Elon Musk has secured $46.5bn in financing for a potential hostile takeover of Twitter, with Musk contributing $21bn of his funds as part of the deal.
Elon Musk has managed to obtain $46.5bn to fund the potential hostile takeover of Twitter.
Elon Musk is also obtaining an additional $12.5bn for the offer through a margin loan secured against his shares in Tesla, the electric carmaker he leads as CEO.
Morgan Stanley, a major investment bank in the United States, is spearheading a group of financial institutions that will provide $13bn in debt financing.
The agreements were detailed in a filing with the US SEC on Thursday. The agreement stated that the world’s wealthiest man was “exploring whether to commence a tender offer” for the Twitter shares he did not own.
Elon Musk already owns 9.2 % of Twitter and just announced a $54.20-per-share offer last week.
A tender offer is considered a hostile bid since it avoids the company’s board of directors, which would normally suggest an offer to shareholders in a traditional takeover situation.
Instead, Twitter’s board members have taken steps to prevent Elon Musk from expanding his stake in the company without its approval.
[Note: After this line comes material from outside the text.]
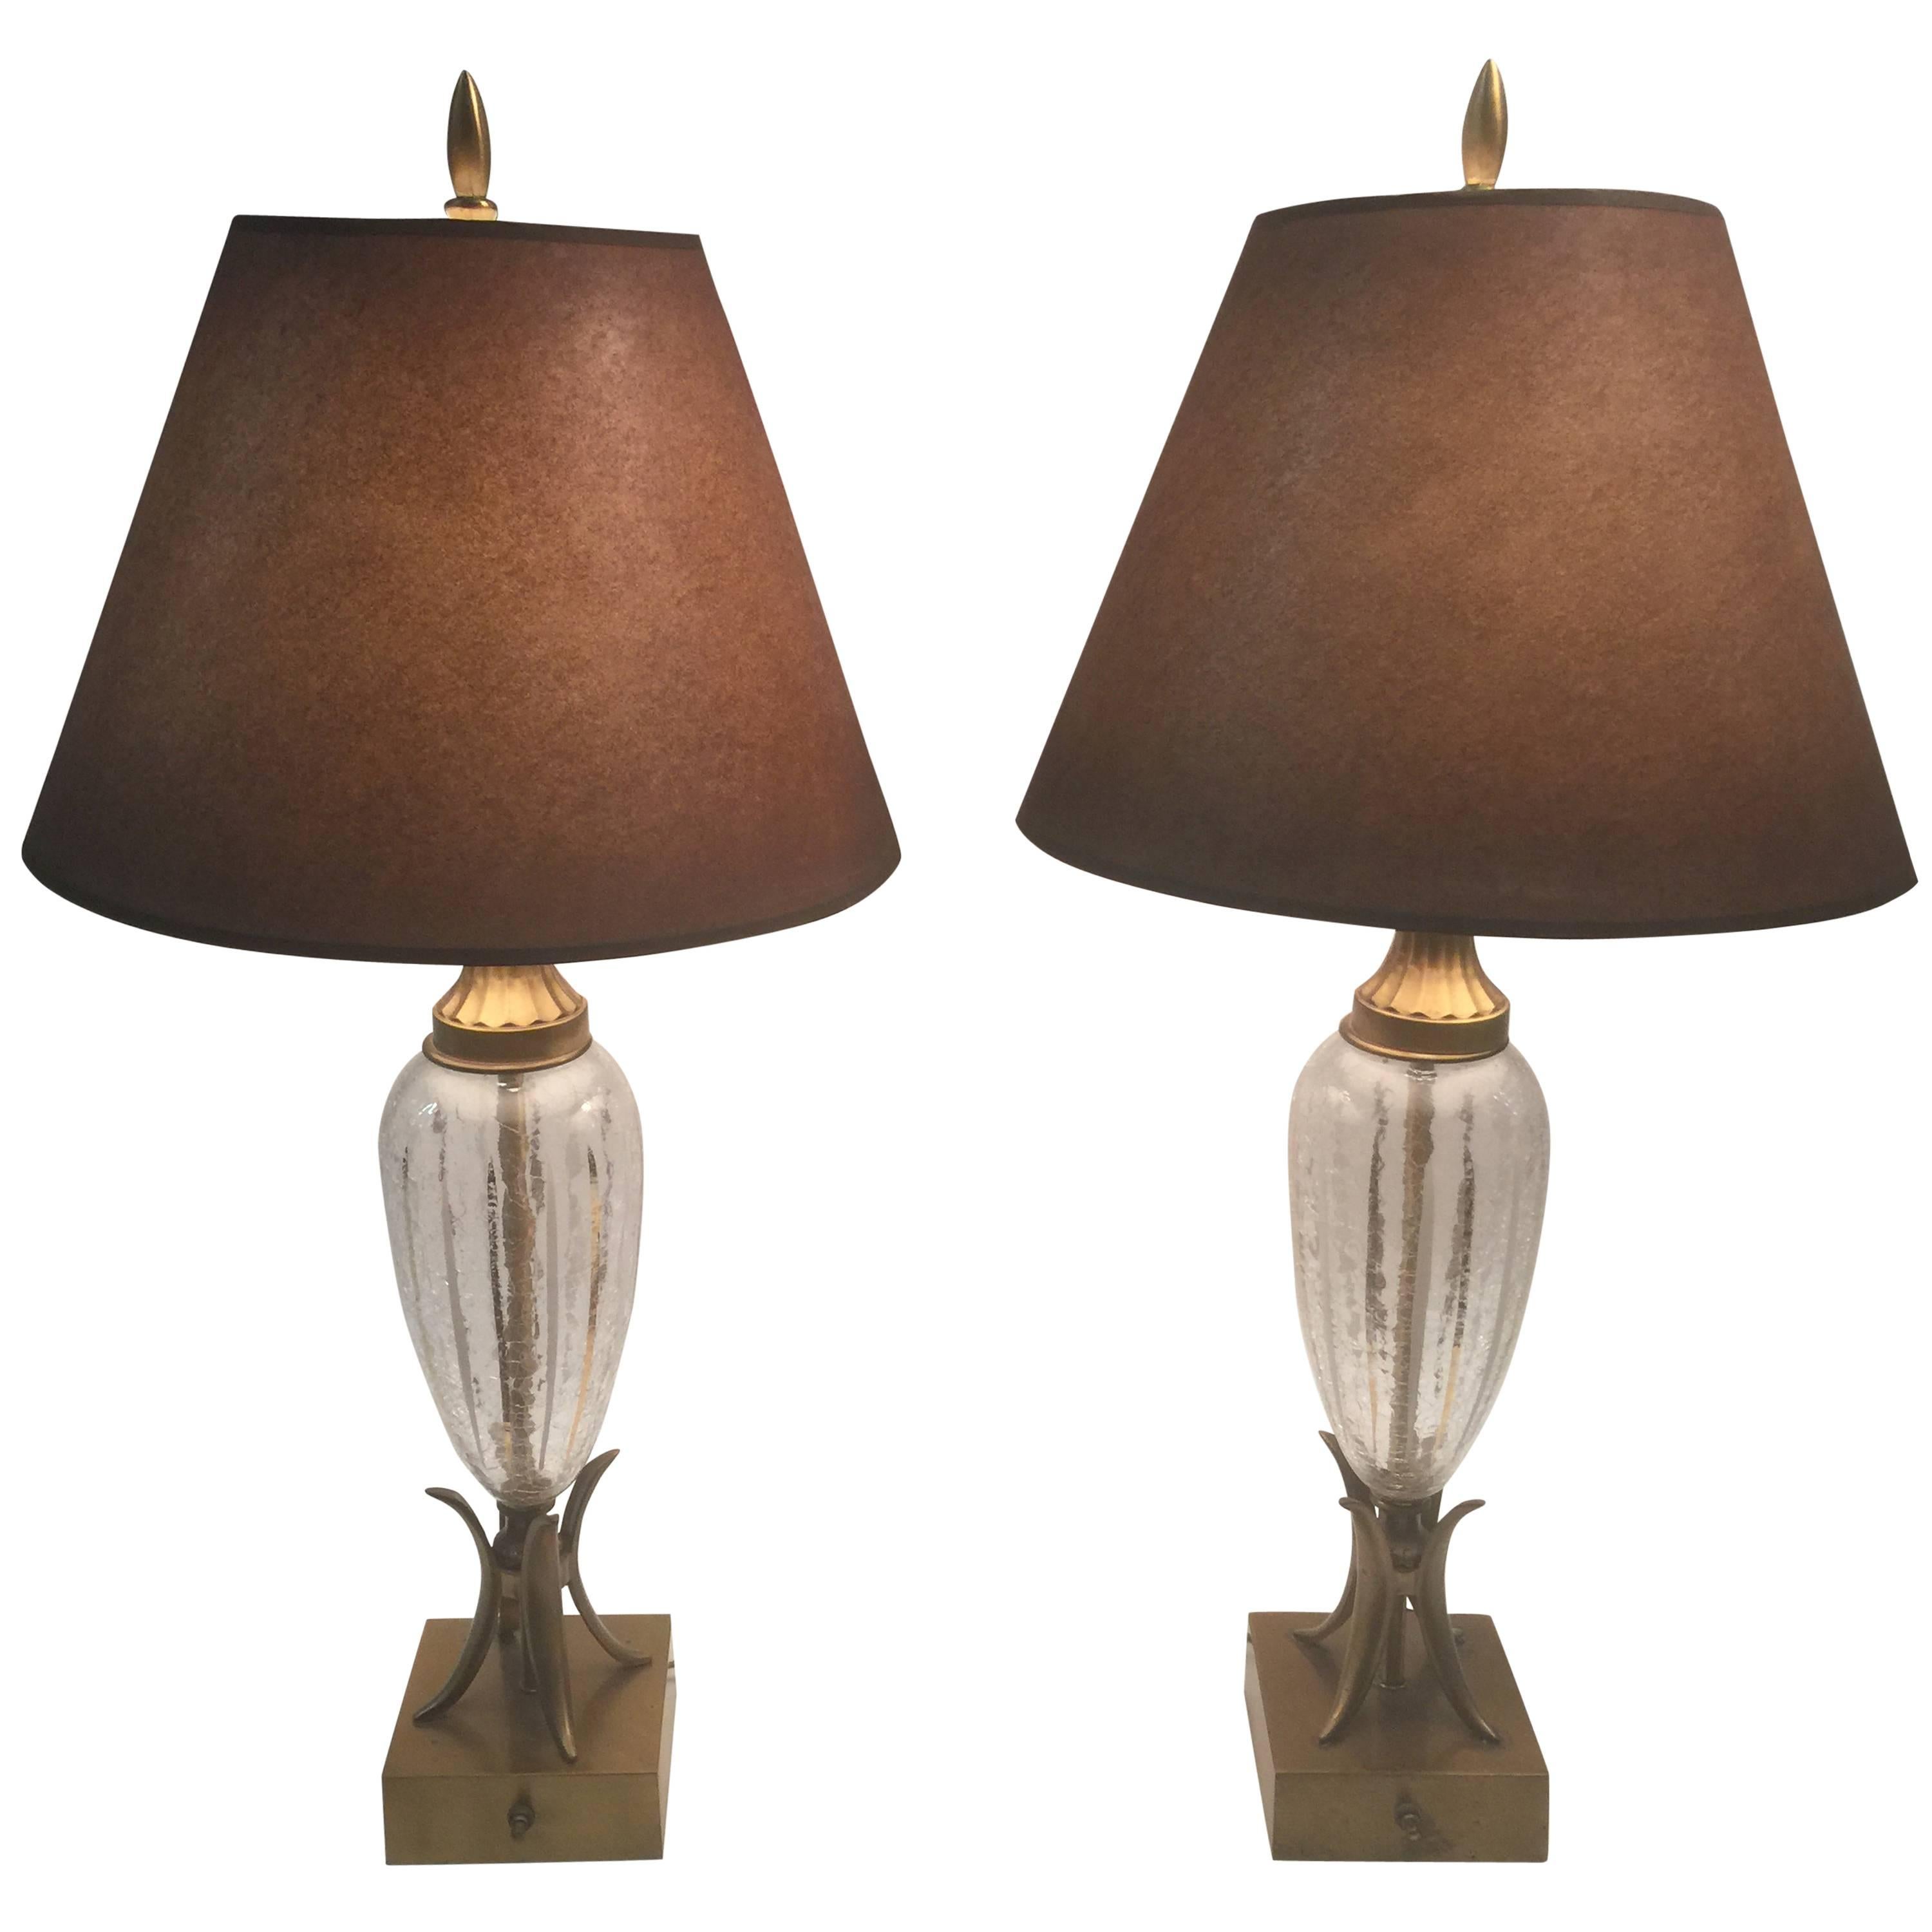  Fantastic Pair of Modernistic Italian Crackle Glass Lamps For Sale

Last week, Twitter filed a so-called poison pill defence against Elon Musk’s bid, aiming at preventing him from owning more than 15% of the company.
If anyone tries to buy more than 15% of Twitter without the board’s approval, the method, which is often used by company boards as a barrier against unwanted approaches, will allow existing investors to buy shares at a steep discount. This would diminish an undesired bidder’s equity and would be a severe roadblock to any non-board-approved bid.
Shareholders who support Elon Musk’s strategy, on the other hand, may force the board to abandon the poison pill strategy.
Elon Musk, who has over 82m Twitter followers and is a frequent user of the network, where he hinted during the weekend that a compassionate approach was being considered.
🎶 Love Me Tender 🎶
— Elon Musk (@elonmusk) April 16, 2022
Apart from publicising the poison pill action, Twitter has yet to respond formally to Musk’s $43bn deal.
Twitter said on Thursday, “We are in receipt of the updated, non-binding proposal from Elon Musk, which provides additional information regarding the original proposal and new information on potential financing.”
“As previously announced and communicated to Mr Musk directly, the board is committed to conducting a careful, comprehensive and deliberate review to determine the course of action that it believes is in the best interest of the company and all Twitter stockholders.”
Elon Musk has stated that the microblogging service does not give users complete freedom. In a letter to the board last week, he said Twitter was “the platform for free speech around the world,” but that it couldn’t meet this “societal imperative” in its current form and “needs to be transformed as a private company.”
Elon Musk had hinted at some changes he would make to the firm before announcing his takeover offer, including the addition of an edit button for tweets.
And authenticate all real humans
— Elon Musk (@elonmusk) April 21, 2022
As Tesla met share price and financial growth milestones in its earnings on Wednesday night, Musk, who is already worth an estimated $249 billion, is in line for the bonus share payout.